Paris of the South and Tchaikovsky in a Roman Theatre

We found a good excuse to explore Aix-en-Provence, about an hour away from us, one day when we discovered that the only English-language Harry Potter showing was in Aix. We had been meaning to go and here was the perfect excuse. It is a fairly large city (population ~140,000) closer to the coast, near Marseille, and has the reputation of being the Paris of the South, both for its sophistication and its beauty.

We spent our entire time in the old town, which is as beautiful as expected. There is a main tree-lined street full of restaurants and businesses, Cours Mirabeau. It is a beautiful street bordered on one end by open-air markets selling books, CD’s, DVD’s and other trinkets, a beautiful traditional carousel, and carts selling “un vrai hot dog de New York”. (We tried one just to test their marketing claim – not a bad approximation of a New York food cart hot dog. Not Gray’s Papaya, to be sure, but not bad). The street is laid with small stones and punctuated at every intersection with a moss-covered fountain. One side of the street (the shady side) is full of restaurants and cafes with large sidewalk terraces – the other is full of businesses and stores. We had a great time exploring that street and other back streets and squares within the city before heading to our movie.

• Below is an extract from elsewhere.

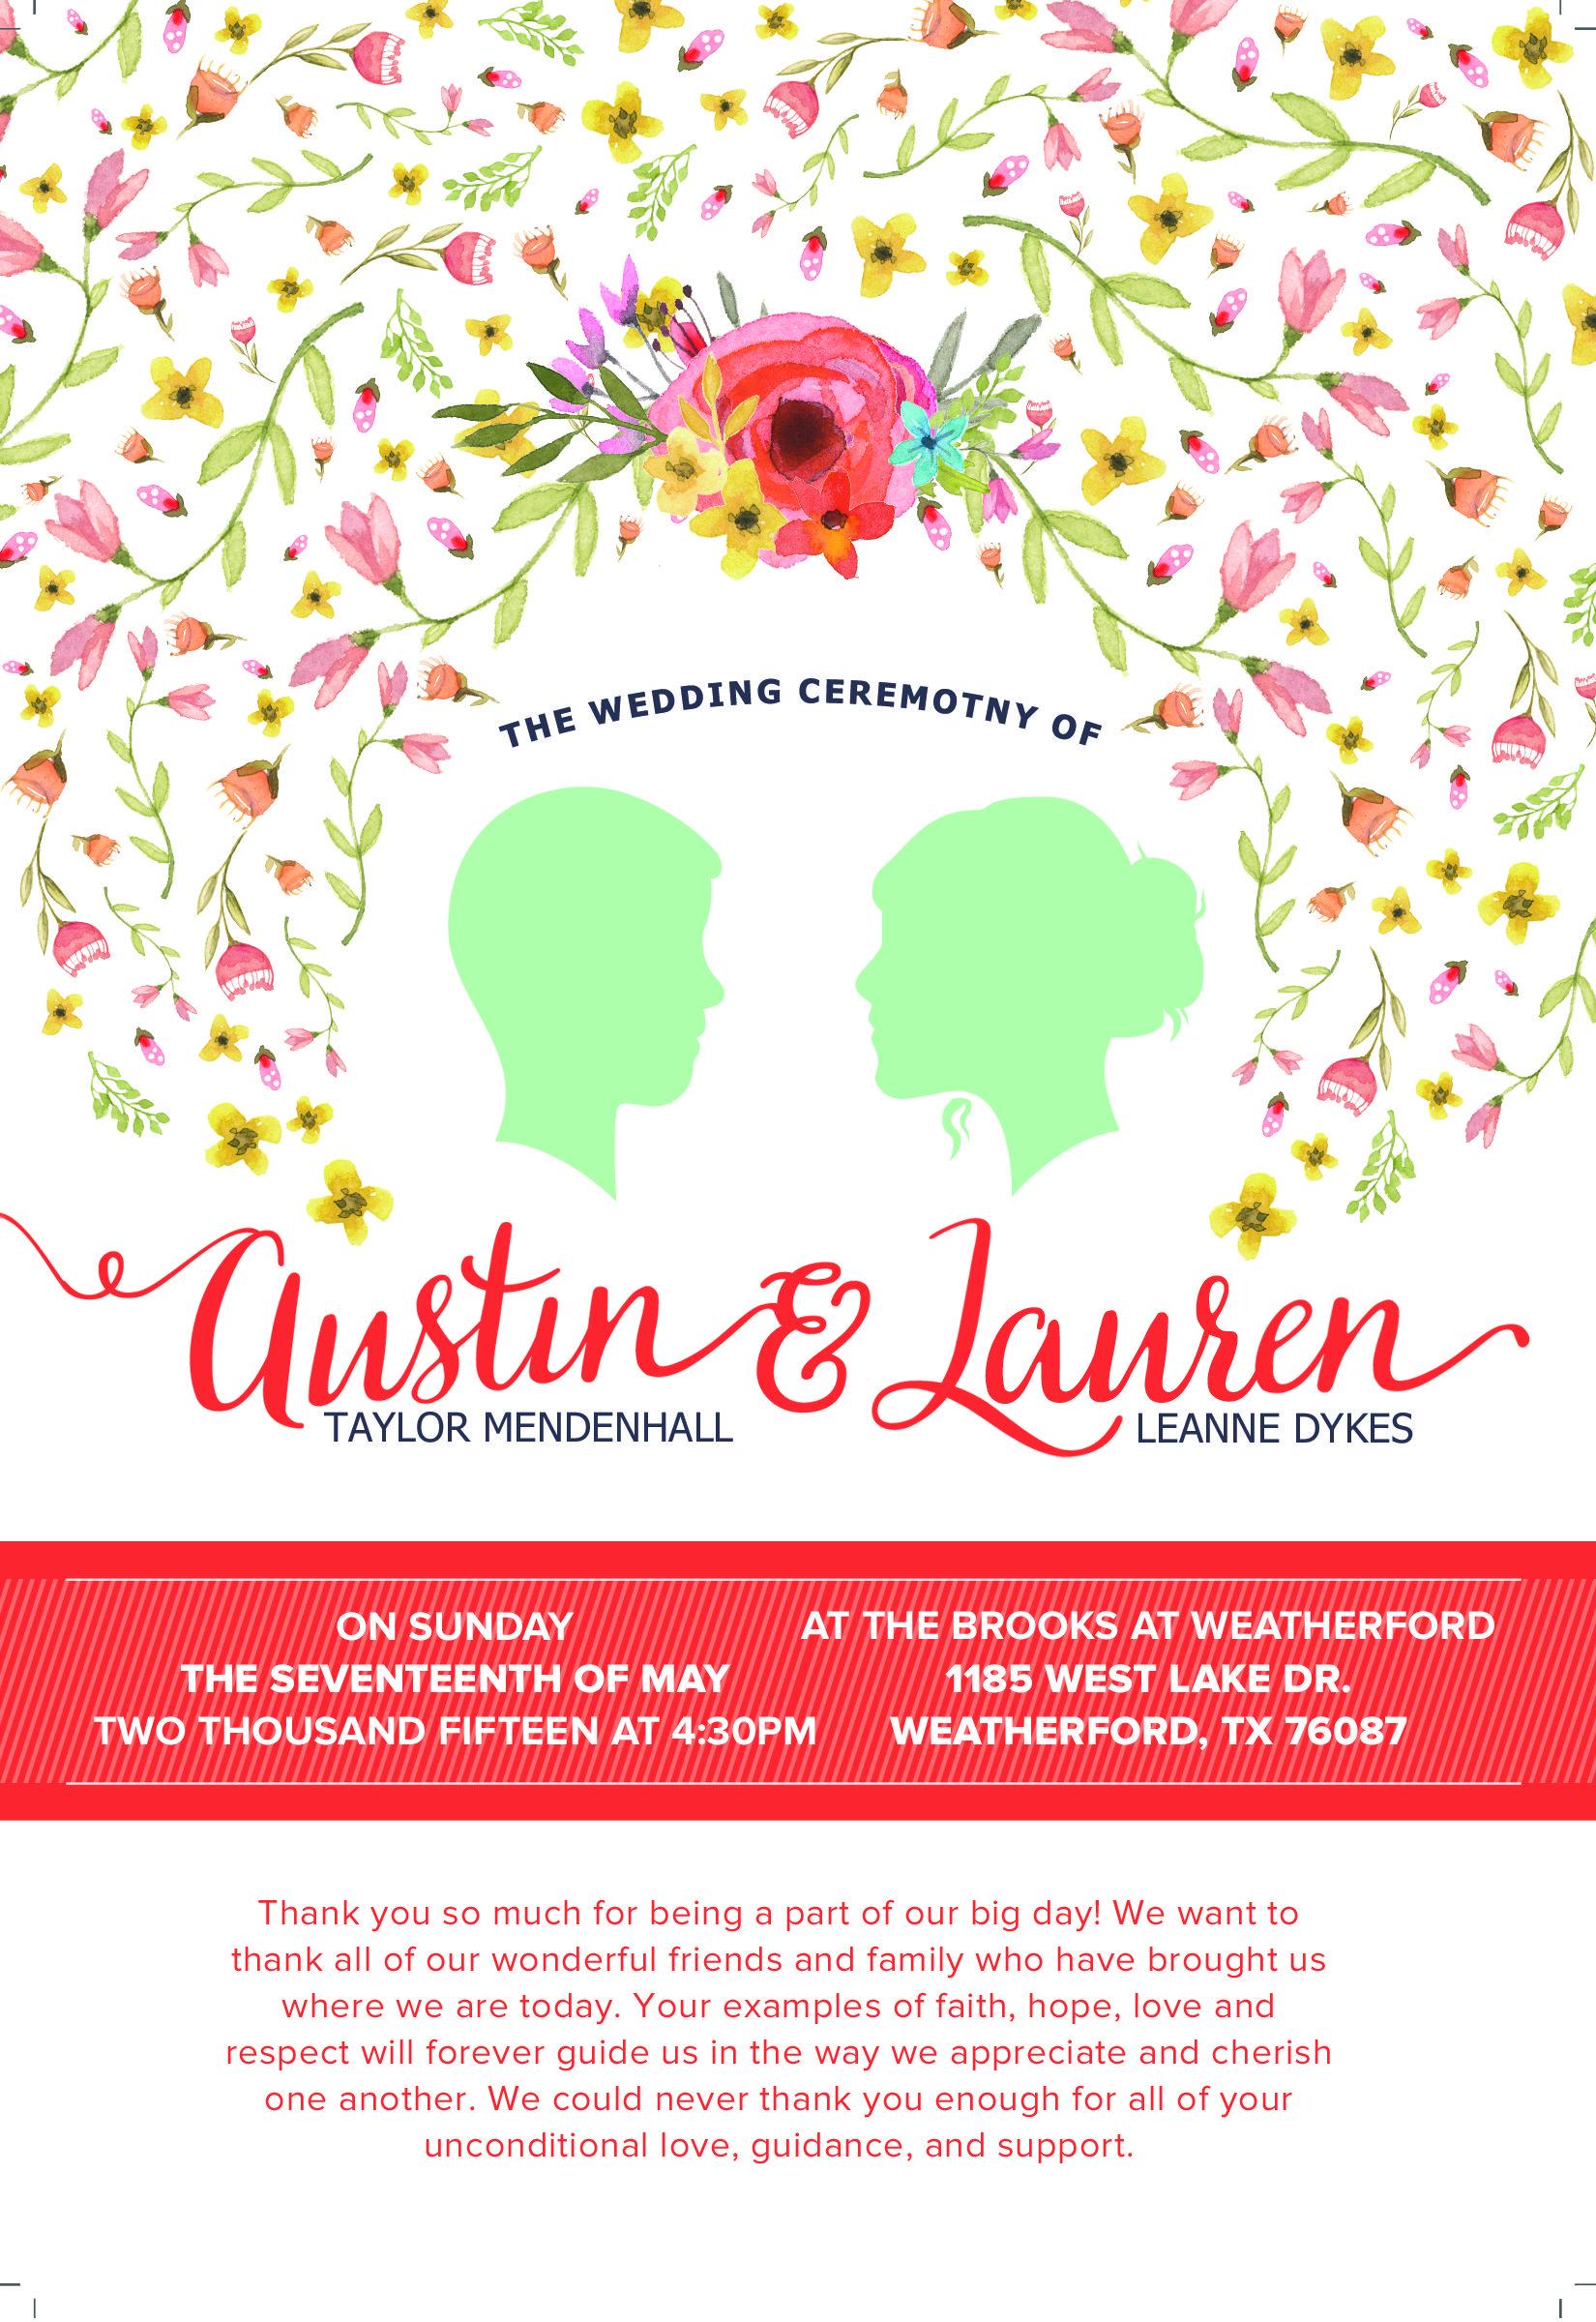 Wedding Program Design - Jane Austin style  #graphicdesign #design #wedding #invitation #program #janeaustin

Fountain at one end of the Cours Mirabeau
Fountain at one end of the Cours Mirabeau
Paul Cezanne spent much of his life at Aix
Paul Cezanne spent much of his life at Aix
Along the Cours Mirabeau
Along the Cours Mirabeau
Along the streets of Aix
Along the streets of Aix
Picking up some treats for the movie
Picking up some treats for the movie

A few days later, we decided to head about 1/2 hour north to the city or Orange, most famous for its Roman ruins, including a spectacular open air theatre dating from before the birth of Christ. It is considered the best-preserved Roman antiquity in Europe, and is the only Roman theatre to retain its original 12-foot statue of Caesar Augustus. It boasts a complete stage wall with seats built into the side of the hill – holding 7,000 spectators. Orange also has a famed arc de triomphe dating from about 25 A.D.

We first spent some time up on a hill overlooking the city, just above the Roman theatre.

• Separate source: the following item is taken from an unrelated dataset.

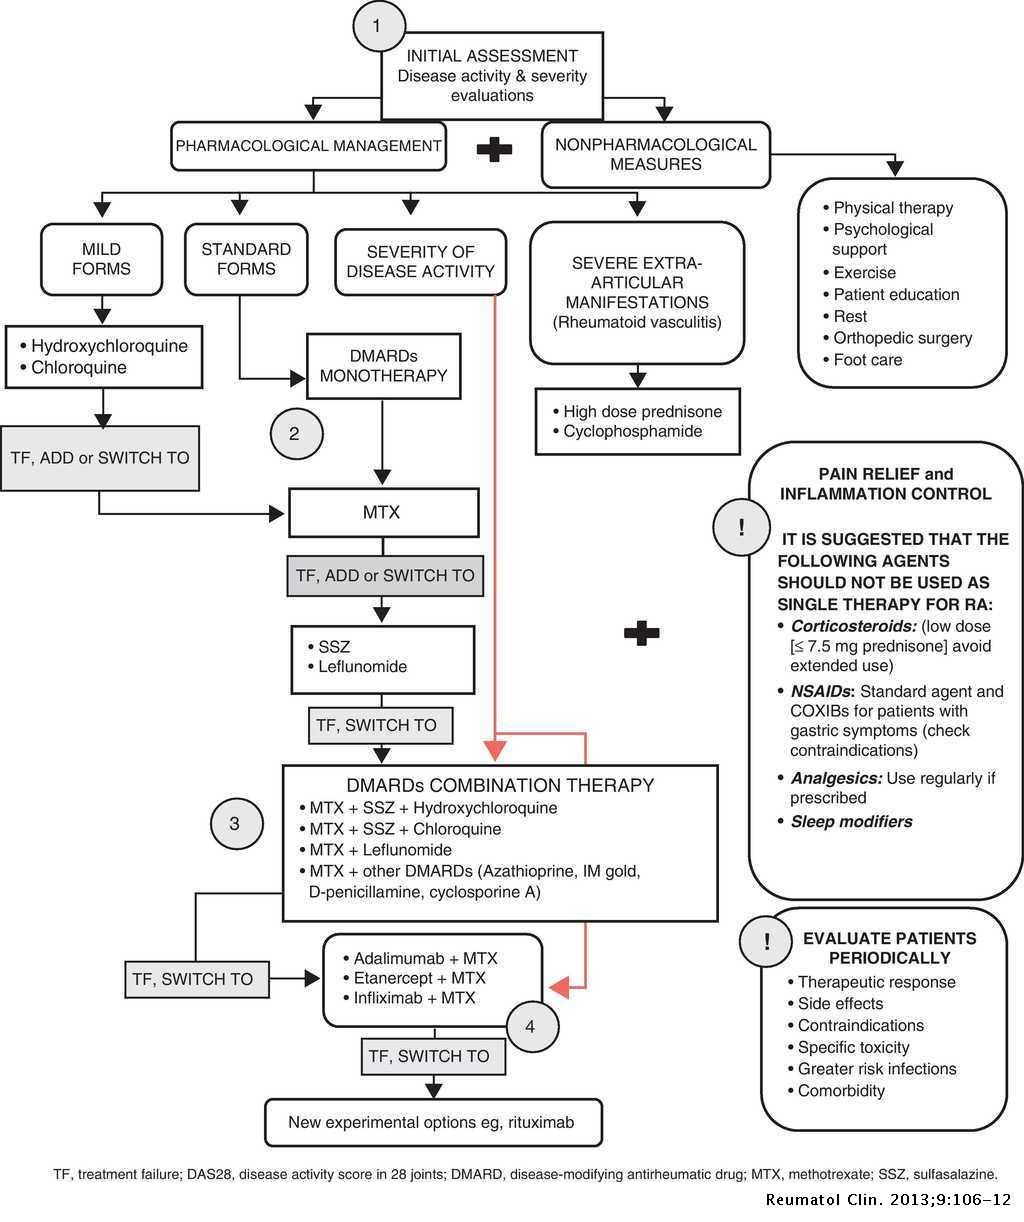 Current therapies in rheumatoid arthritis: A Latin American

Looking down on the Roman theatre at Oranges
Looking down on the Roman theatre at Oranges
Locals dancing at a restaurant on top of the hill
Locals dancing at a restaurant on top of the hill

We noticed that they were preparing for an orchestral concert – like many cities in Europe in the summertime, Orange has its own music festival called the Chorégies. The Chorégies have been celebrated each summer for over 100 years. We drove back down the hill and parked the car to find dinner, but decided to walk by the theatre to see if we could find out something about the concert. We were called to from across the street by an usher who offered us free tickets to the orchestral concert inside. Apparently they had empty seats and wanted to fill them. It wasn’t a tough decision to endure our empty stomachs for a couple more hours so that we could listen to beautiful music in such a setting. Because nearly the entire stage wall of the theatre is still in tact, the acoustics are impeccable. One can hear whispering on the stage from even the highest seats in the house. The concert started with a beautiful piece by Tchaikovsky with some incredible violin solos, followed by Berlioz’s Symphonie Fantastique.

At the concert
At the concert
At the concert
At the concert

We finished the night with dinner at a bistro across the street from the theatre. The arc de triomphe would have to wait for another visit.